Od: Ikselka <i...@g...pl>
Pokaż wszystkie nagłówki
Dnia Tue, 16 Dec 2008 20:28:41 +0100, medea napisał(a):
> Ikselka pisze:
>
>> Lubię schabowy z kapustą - więc zabijam zwierzęta i rośliny. Liczę się JA,
>> JA, JA.
>> Inaczej to one zjadałyby mnie.
>
> Już to widzę - Ikselka pożerana przez świnię. ;)
Gdybyśmy nie powodowali się instynktem samozachowawczym (uczucie głodu
mięsa jest nim spowodowane), to znalazłyby się inne istoty (niekoniecznie
bardziej rozumne), które zjadałyby nas.

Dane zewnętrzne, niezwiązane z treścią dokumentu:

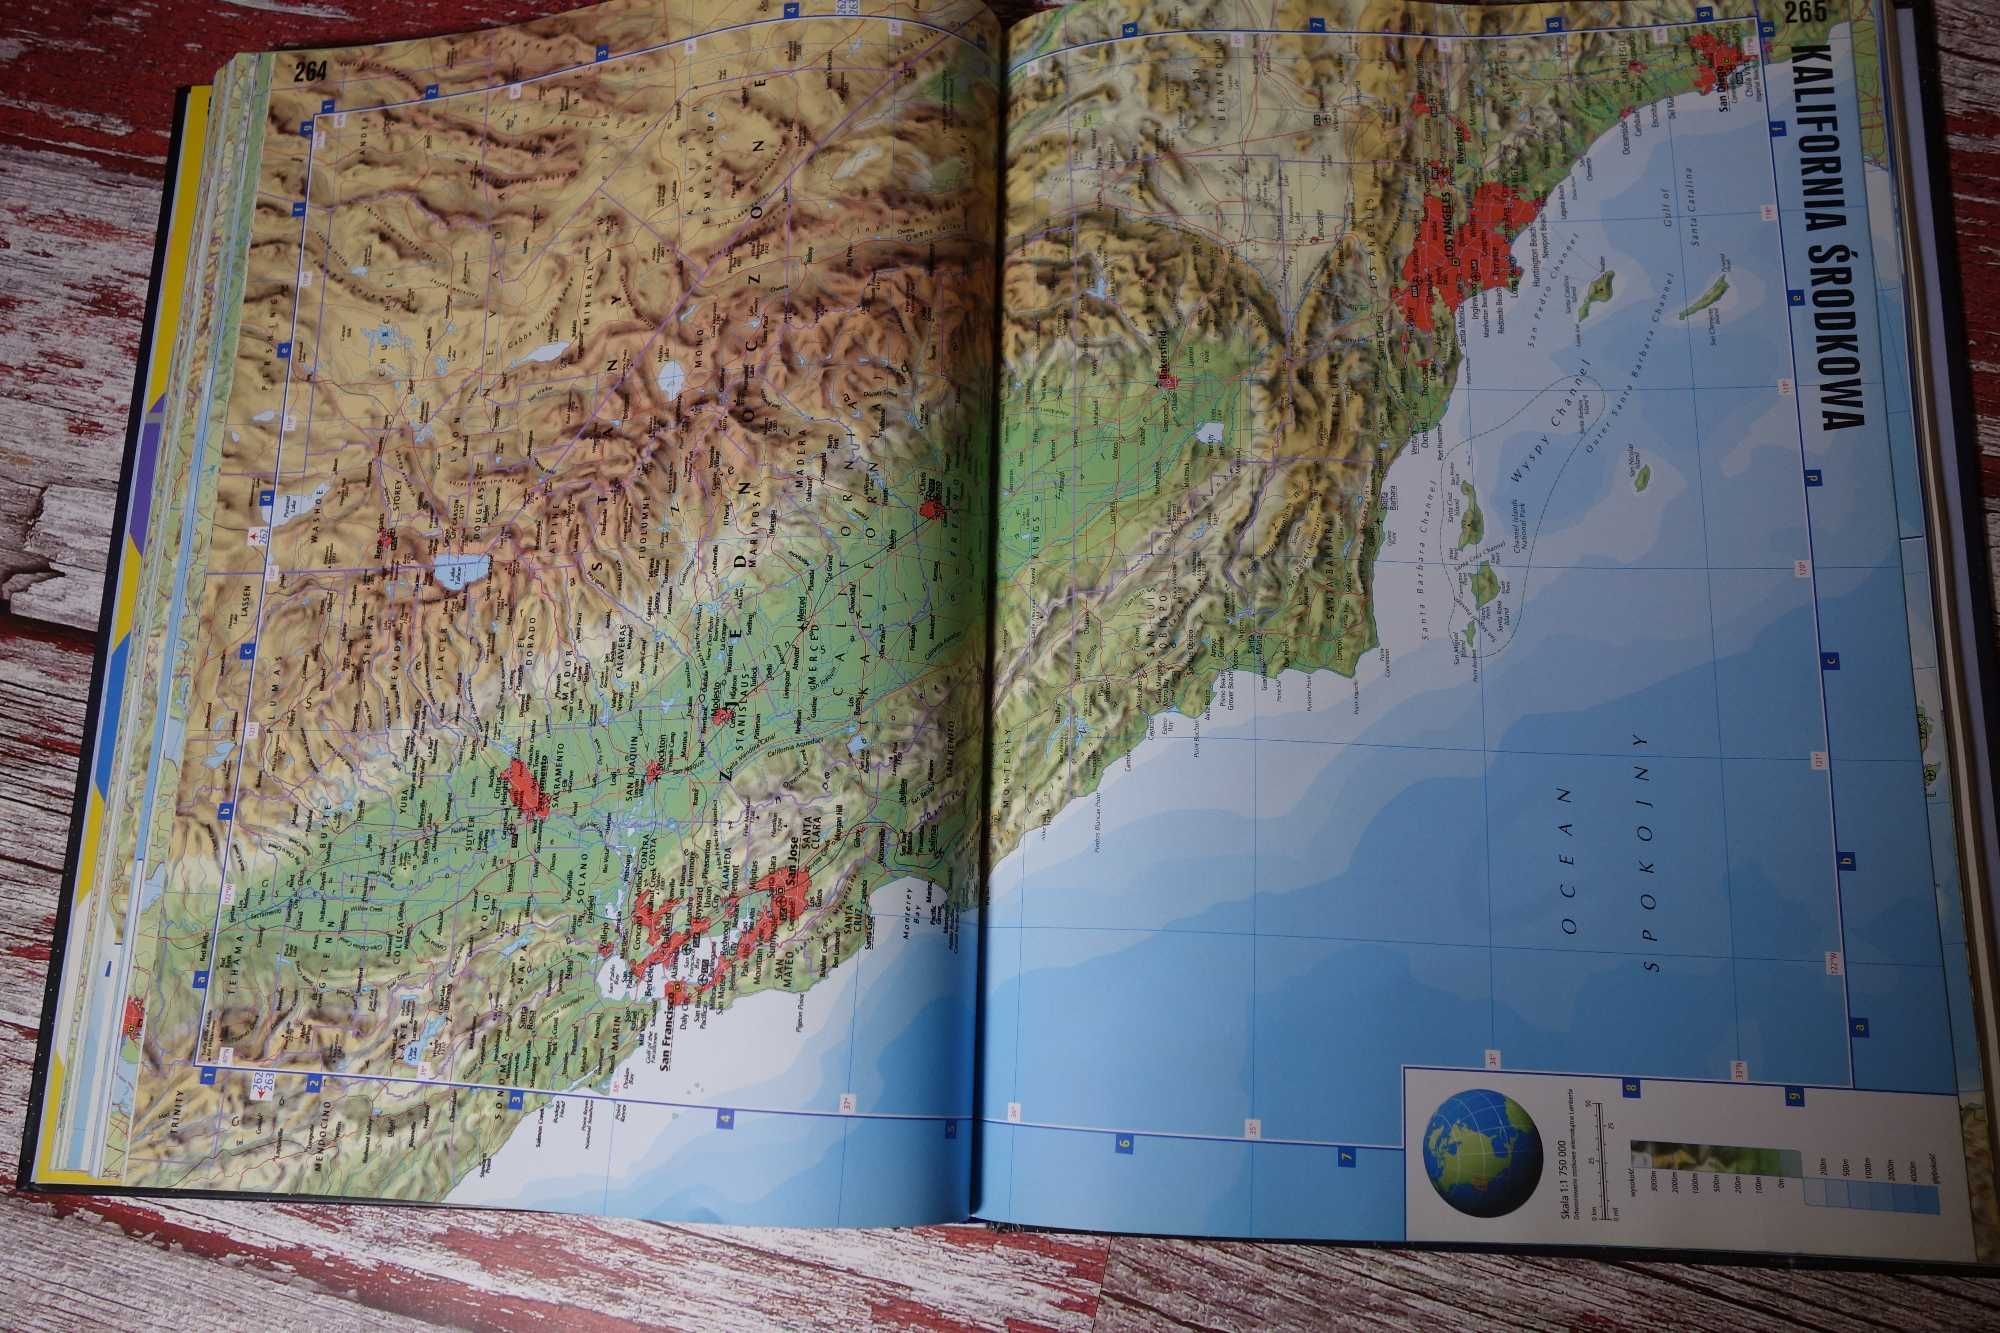 ATLAS świata, 250 SZCZEGÓŁOWYCH map, 350 ilustracji, rozkładane mapy-5

Poniewaz jednak to nam dano rozum ,
więc to my go wykorzystujemy dla własnego dobra i wygody, aby zaspokoić
głód i nie ulec instynktowi samozachowawczemu zwierząt stając się ich
pokarmem, czyli m.in. po to, aby pragnąc miesa nie musieć polować - ot,
hodujemy je (mięso) sobie. Gdyby nie hodowla, tych konkretnych zwierząt
nawet by nie było. Pojawiły się za naszą przyczyną i są z góry przeznaczone
do zjedzenia. Nie umniejszamy więc zasobów natury, a litowanie się nad
świnką, krówką czy koniem wyhodowanymi wcześniej na mięso jest po prostu
irracjonalne - to tak, jakby litować się nad marchewką posianą na grządce.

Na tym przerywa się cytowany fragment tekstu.